A simulation game produced in 2002, Steel Battalion holds the distinction of being exclusively playable on the original Xbox console. Unlike most other 1st-generation Xbox titles, it’s impossible to emulate Steel Battalion through an Xbox 360—because the game is built entirely around its proprietary controller, a massive 40-button fabrication complete with a three foot pedals and flashing LEDs. This behemoth is the cornerstone of the Steel Battalion experience:
Steel Battalion falls into the mecha genre of action sims, the same family as games such as Armored Core and MechWarrior. The player controls a mechanized artillery platform (the game refers to these as VTs, or Vertical Tanks), armed to the teeth with enough high caliber weaponry to single-handedly carve a swath through the enemy force. Because the available inputs on a traditional controller are sorely limited, most console releases in this genre tend to adopt nimble control schemes and an over-the-shoulder perspective; games such as Zone of the Enders, which handle almost like third-person shooters. Not so for Steel Battalion! This game proudly displays the influence of the sophisticated simulation games so popular among PC enthusiasts throughout the 1990s, and as far as I know Steel Battalion is the only console title ambitious enough to try it.

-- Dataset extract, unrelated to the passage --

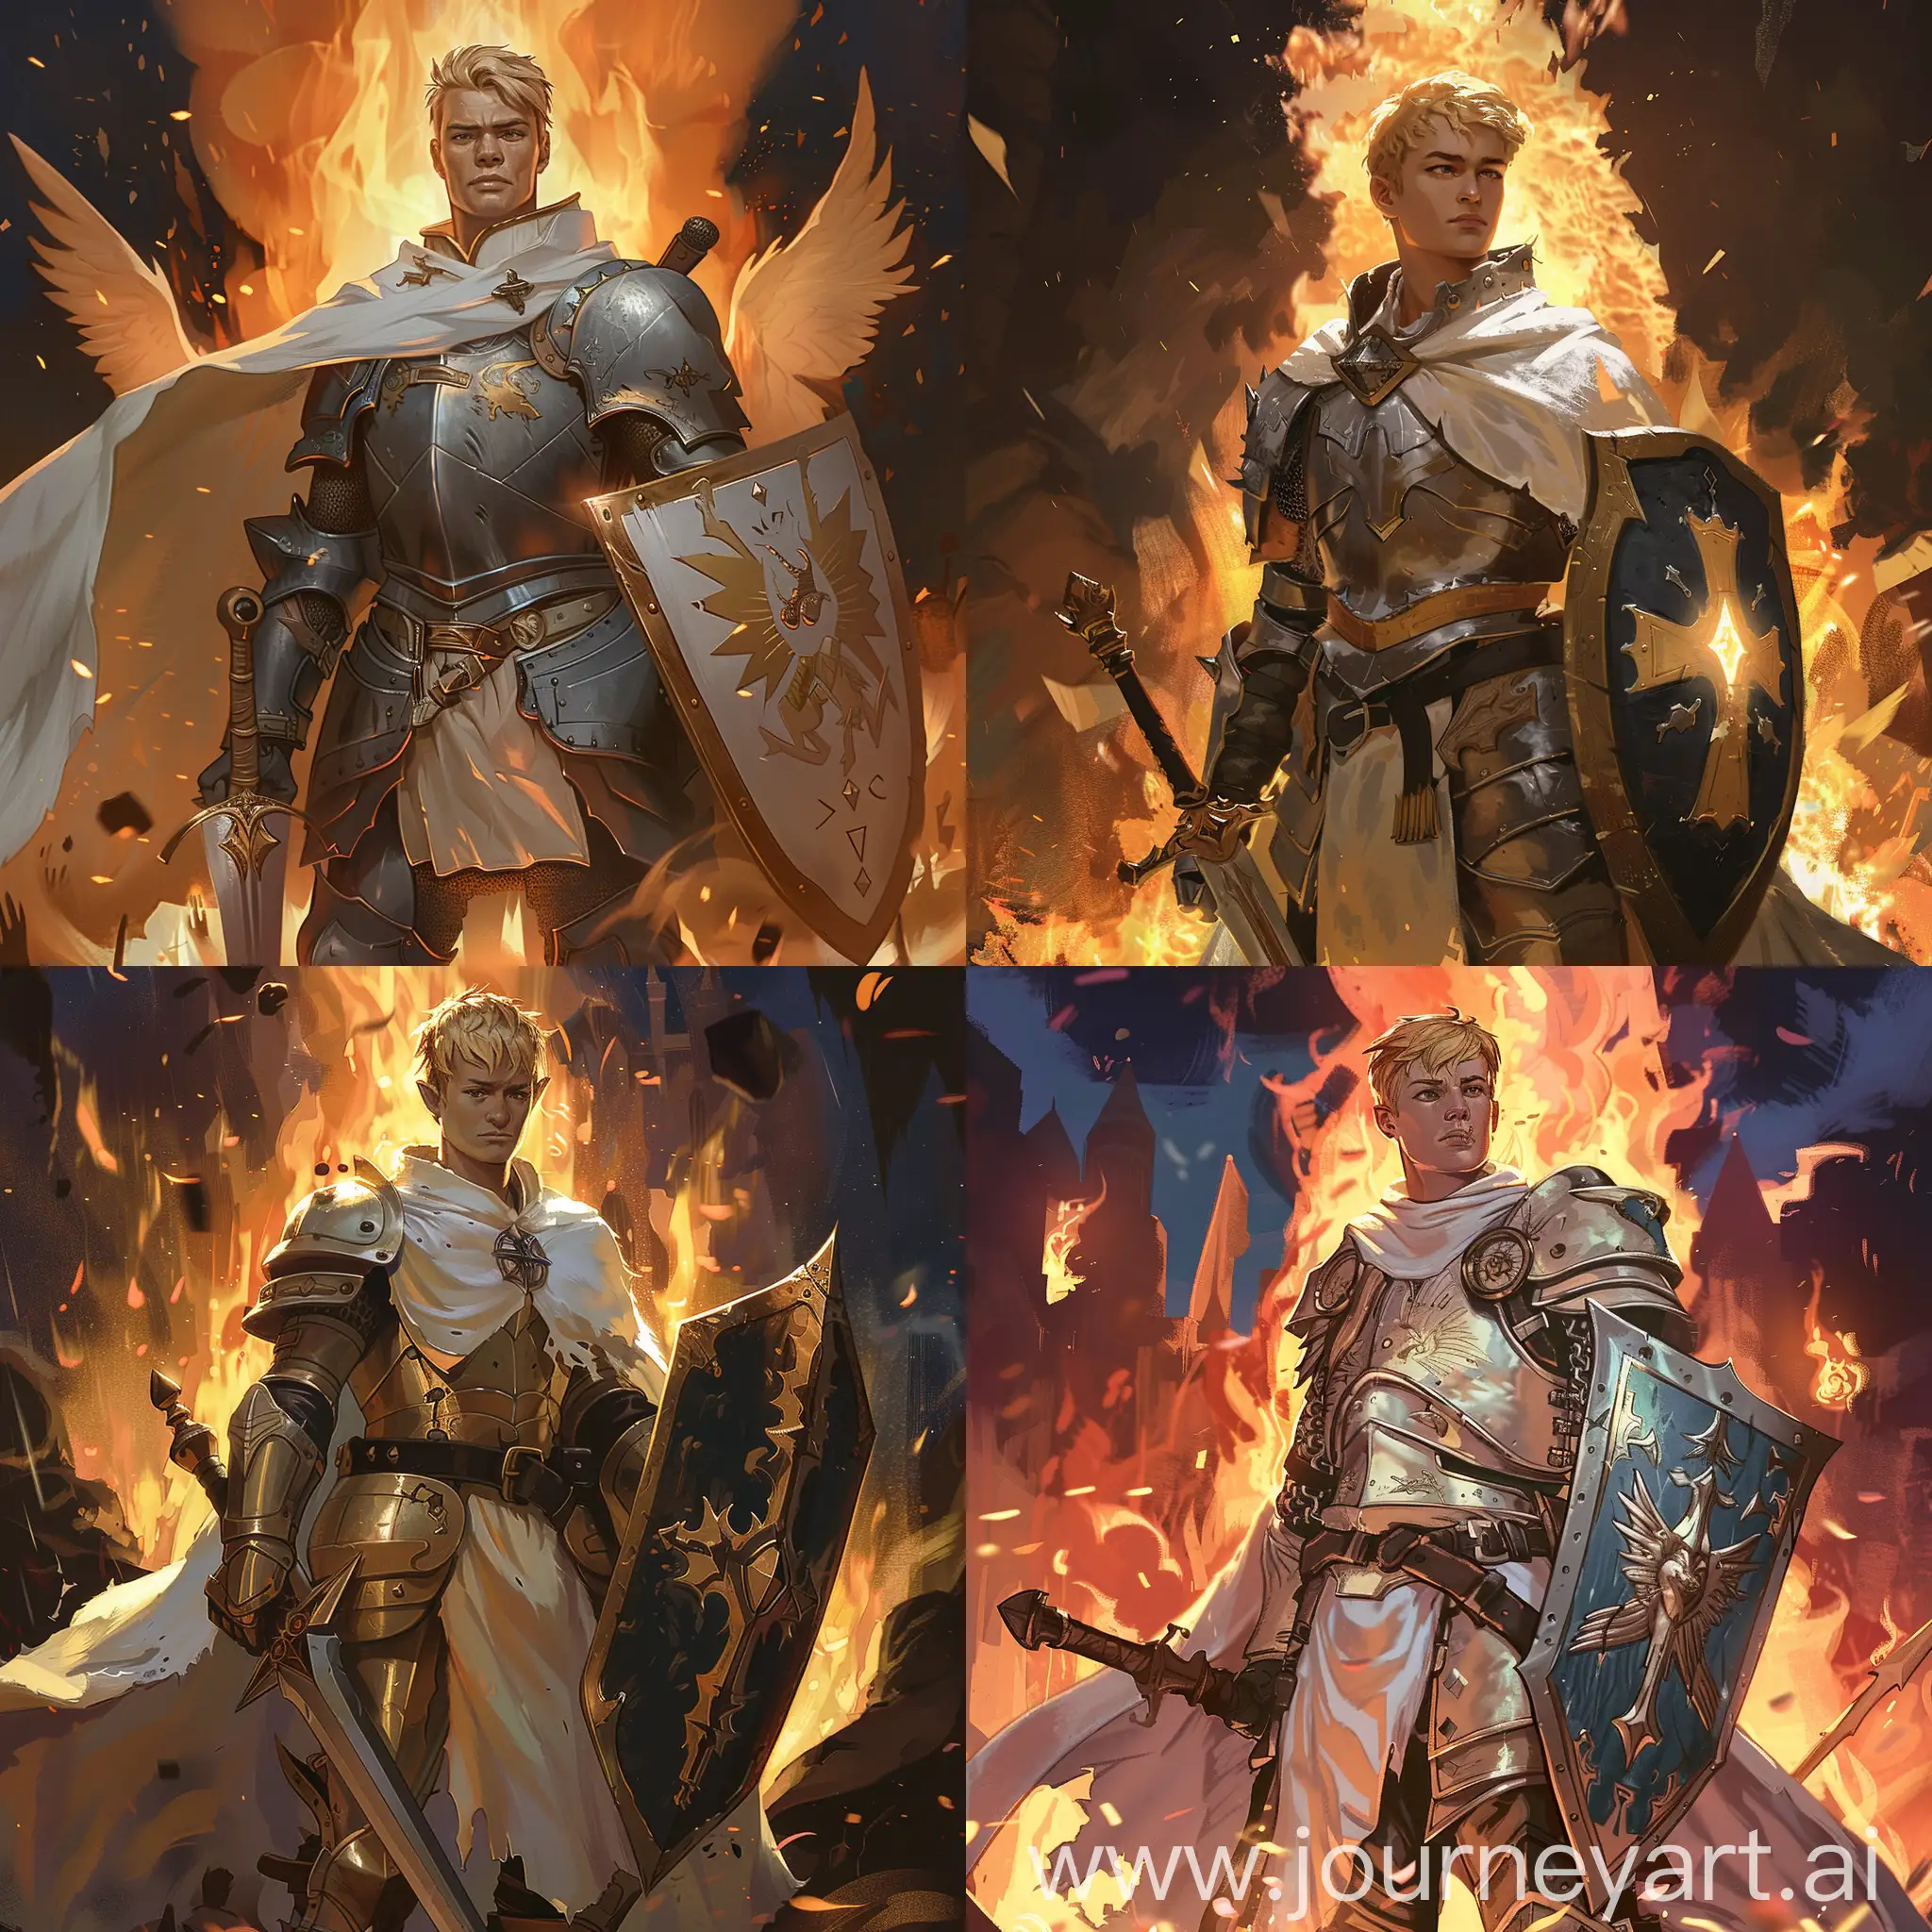 Draw a character from the Dungeons and Dragons universe according to the following description: he is young male, human, with short blond hair, paladin of a light deity, tall, wearing knight's armor with a white cloak, he has a tower shield and a sword, against the backdrop of a large fire in the night

To get a better feel for the game, we have to take a closer look at the intricate dashboard (the word “controller” is almost too limited to describe this thing) that came bundled with every purchase of Steel Battalion. The dash is built from three weighted hard-plastic blocks, and it carries a terrific sense of presence. Unit designations and serial numbers are etched into the corners of the plastic, and the buttons are all labeled in military shorthand, some of it practically indecipherable at first glance. The number of options at your disposal is staggering, an effect that is only possible with a full keyboard (Microsoft Flight Simulator springs to mind) or a controller of this size at your fingertips. Here’s a closeup of one of the panels:
What commands do the Function Switches activate? Is the Override button context-sensitive? Does Tank Detach jettison ammo or fuel, and does this affect how the VT handles? Steel Battalion is not very forthcoming; it lacks any kind of meaningful tutorial, the manual is next to useless. Rather, the game presents itself as a fixed object, a blinking array of switches and dials that begs for the player to investigate. Steel Battalion is inscrutable, and challenging, and I expect that’s by design. After all, you wouldn’t expect a novice to take to the cockpit of a 20-meter mecha with all the grace of an ace pilot, would you? Not without a brutal training regimen.